Thanks in person not enough. GrinHmm have you heard yourself? A thanks in person is not enough. Not enough. WTF are you lot on? Grin

usualsuspect · 09/07/2011 19:52

She said thank you ,thats enough

ll31 · 09/07/2011 19:55

I'd have thought a thank you card would be expected for a wedding and christening to be honest

troisgarcons · 09/07/2011 19:56

Actually - after a wedding, if the invitation has come from the Brides parents, I always write and say compliment them on the day and the effort put in ..... it's manners. Which are in short supply in society today along with common courtesy and etiquette.

And no I can't type coherantly either

meditrina · 09/07/2011 20:04

I agree completely with GeorgeEliot's post.

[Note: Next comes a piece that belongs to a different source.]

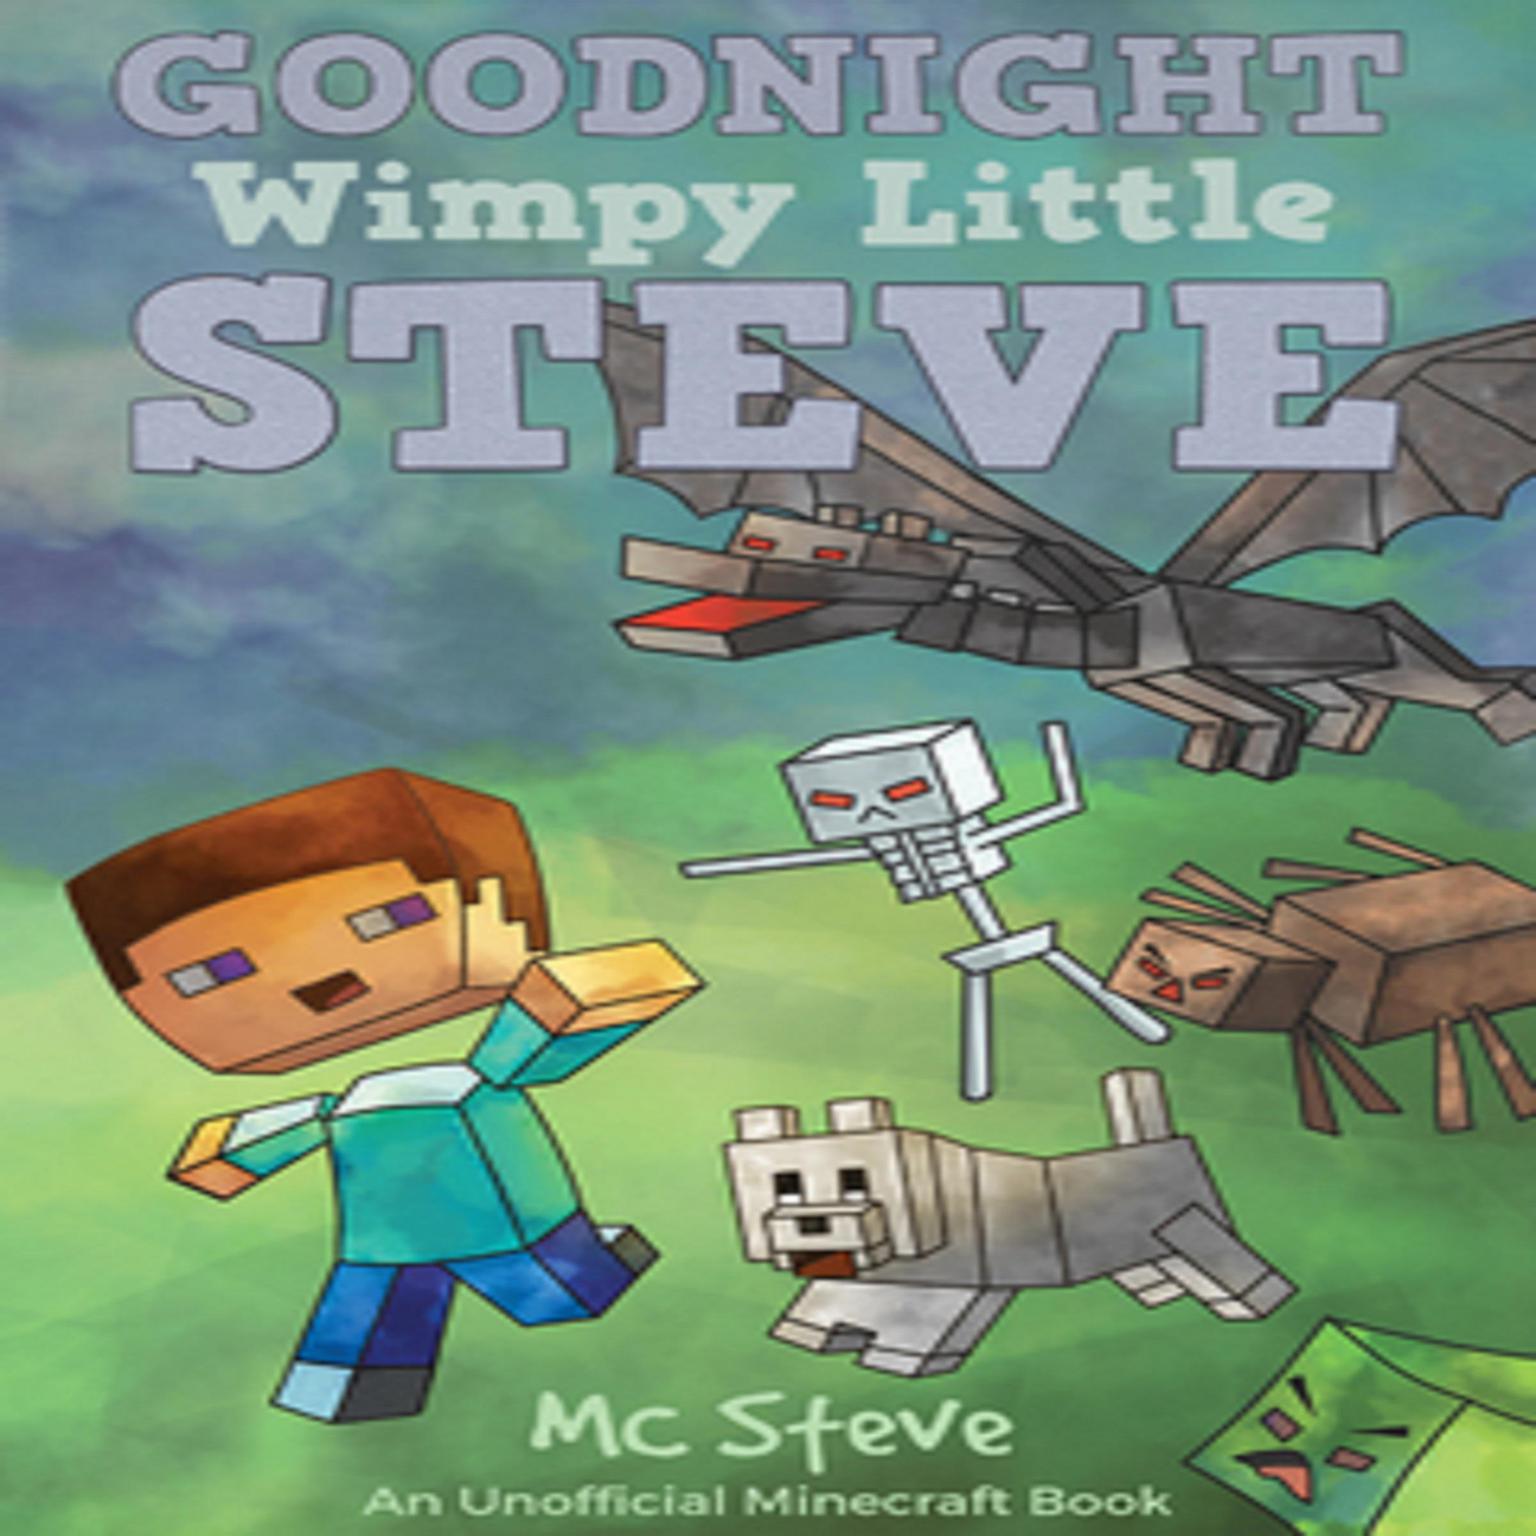 Goodnight, Wimpy Little Steve (An Unofficial Minecraft Book) Audiobook, by MC Steve

And there's no way I would have been up to the task of learning the "who gave what" list so I could go round and everyone individually (or check a co-ordianted shared plan with the groom), and make sure no-one was missed out. And ours was quite a small wedding! I really wouldn't have wanted all that hanging over me as a reception 'to do' list, when actually I'd rather be celebrating.

begonyabampot · 09/07/2011 20:16

TBH if anyone is going to stew at receiving no thankyou card (text, call, face to face email not being enough) - I'd really rather you didn't give me a grudged present which has to meet your specific thanking requirements. You are welcome to the do (or would I still be rude to not send a card to thankyou for attending). Funny, as I might say that people who think like this are ungracious and rude - you think I'm rude and so it goes on.

meditrina · 09/07/2011 20:20

As I posted above, my main reaction would be concern (did present go missing?) or I'd assume that what I gave wasn't liked after all and that the good wishes inherent in sending a gift weren't sufficient to overcome it's short-comings. And I would, if I were thinking about it, be rather sad.

If you were the host of the wedding, then of course it is I who would write to you with thanks for the occasion.

Happylander · 09/07/2011 20:35

I sent out my thank you cards nearly a year late...wasn't that I wasn't grateful I just had a hell of a lot of over shit going on. If she thanked you in person surely that was enough though

Happylander · 09/07/2011 20:36

obviously I meant other not over. Have drunk a few glasses of Wine

HairyFrotter · 09/07/2011 20:49

OP you didn't say wheher you had sent a card to thank them for their invite and hospitality.

bringinghomethebacon · 09/07/2011 20:54

This reply has been deleted

Message withdrawn at poster's request.